Хвала тебе, седой Кавказ…

Истинный поэтический восторг вызвала дикая красота Дарьяльского ущелья. Но. «Скоро притупляются впечатления. <…> Я столь же равнодушно ехал мимо Казбека, как некогда плыл мимо Чатырдага», – признается Пушкин-путешественник.

Вблизи селения Казбек Пушкин встречает собрата, персидского поэта Фазиль-Хана, в составе «искупительной» миссии ехавшего в Петербург: оба сожалеют, что знакомство их коротко. На следующий день Пушкин набрасывает первые строки послания Фазиль-Хану: «Благословен, и ты поэт»; испещряет лист рисунками: кавказским пейзажем, автопортретом в папахе, фигурой грузинки. И ставит помету: «25 мая. Коби».

Впереди – Крестовый перевал: Пушкин отправляет свою коляску обратно во Владикавказ, а сам продолжает путь верхом.
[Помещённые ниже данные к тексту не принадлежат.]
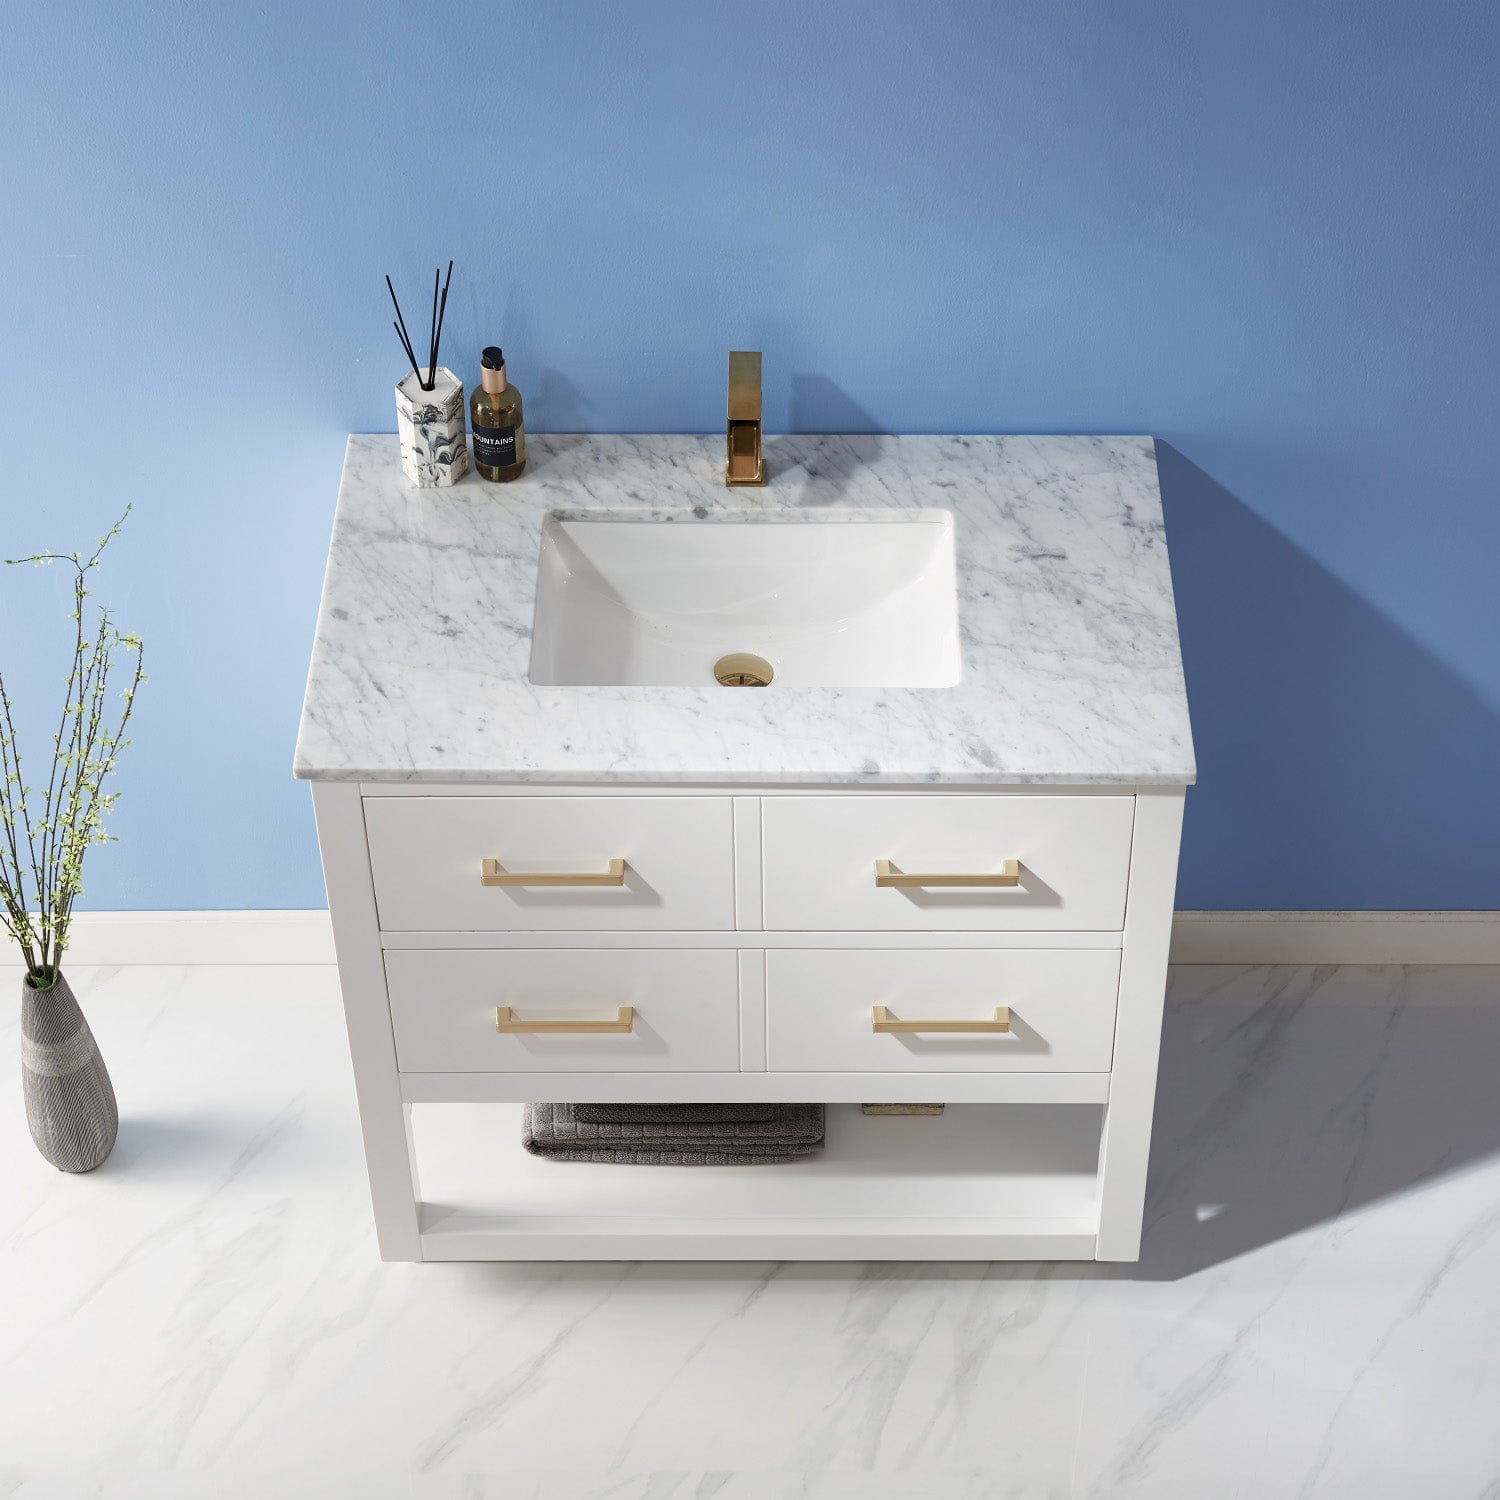 Remi 36" Single Bathroom Vanity Set in White and Carrara White Marble Countertop without Mirror 532036-WH-CA-NM - Molaix631112971447Bathroom Vanities532036-WH-CA-NM

Но вот опасный перевал преодолен, и поэт уже восхищается мгновенным переходом «от грозного Кавказа к миловидной Грузии».

В воскресенье 26 мая Пушкин выехал из Квешети, добрался до Пай-санаура (Пасанаури) и, «не дождавшись лошадей», отправился пешком до Душета. Весь день поэт в пути, – как символично, в свое тридцатилетие! Поздним вечером, в изнеможении, добрался он до городка, что в пятидесяти верстах от Тифлиса, где и заночевал на квартире тамошнего городничего, старого грузинского офицера. Вернее, промучился всю ночь из-за несносных блох!